December cotton closed moderately higher yesterday after trading to its highest level since October 11. The dollar was lower for the third straight day, which lent some support to cotton. The trade is talking about supply problems resulting from smaller crops in the US (from drought) and in Pakistan and Australia (due to flooding). There are reports of strong yields in the Delta and Southeast, in contrast to Texas, which has had sharply reduced yields from a long-term drought. For the USDA supply/demand report on Wednesday, the average trade expectation for US 2022/23 cotton production is 13.62 million bales with a range of expectations from 13.42-13.81 million, which would be down from 13.81 million in the October report. US ending stocks are expected to come in around 2.73 million bales (range 2.50-3.00 million) versus 2.80 million in October. World ending stocks are expected to come in at 88.04 million bales (range 87.00-90.00) versus 87.87 in October.

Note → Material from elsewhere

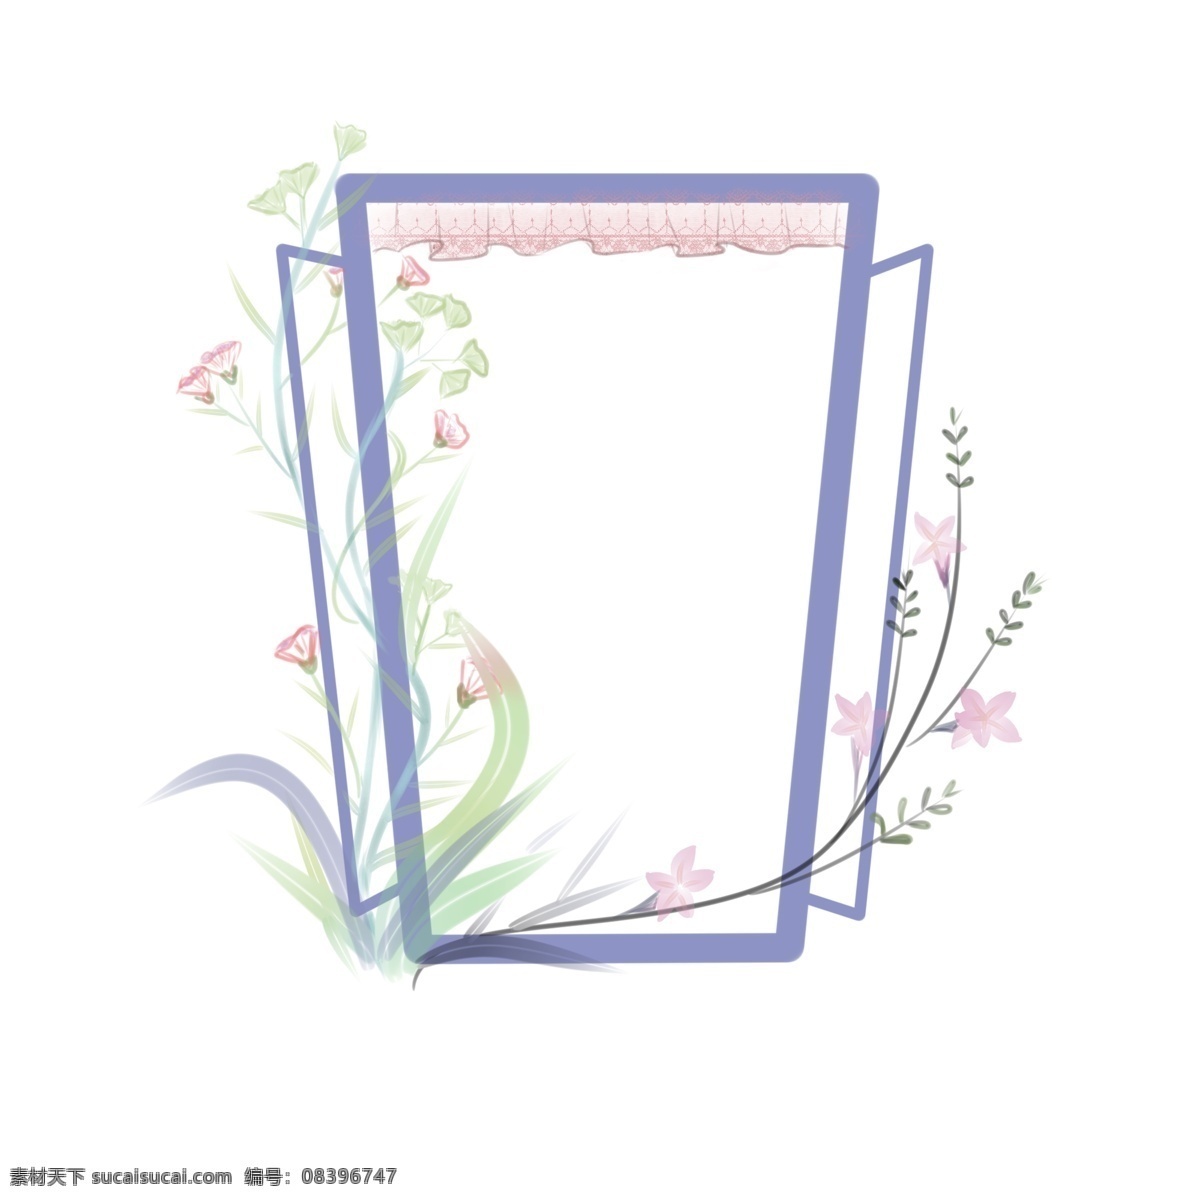 边框 窗户 清新 植物 花卉 手绘 免 抠 唯美 浪漫 元素 蓝色 紫色 绿色 小清新 免抠 窗口 马卡龙色

The close above 18.91 for March sugar (50% of the April 13th to September 19th break) is a bullish technical development. Sugar prices were able to follow-through on Monday’s late rebound and climbed up to a 3 1/2 month high. News that the French farm ministry cut their 2022/23 sugar beet forecast by 2.2% from their October estimate provided a boost to sugar prices. Early trade forecasts that Brazil’s Center-South mills pulled back on sugar’s share of crushing during the second half of October provided additional support to the sugar market. A key Brazil sugar and fuel producer (Sao Martinho) indicates much stronger demand for ethanol out of Europe this year due to their energy crisis. Sugar output in Brazil’s Center-South region the second half of October is expected to come in near 1.8 million metric tonnes (1.5-1.9 range), according to a survey by Bloomberg. Unica is expected to release the official numbers this week. Sugar cane crushing in Brazil in 2023-24 is expected to reach 620.7 million tonnes, up 3.4% from this year, according to consulting firm Safras & Mercado. Sugar exports should be up 13% and Ethanol production is expected to decrease by 2.7%.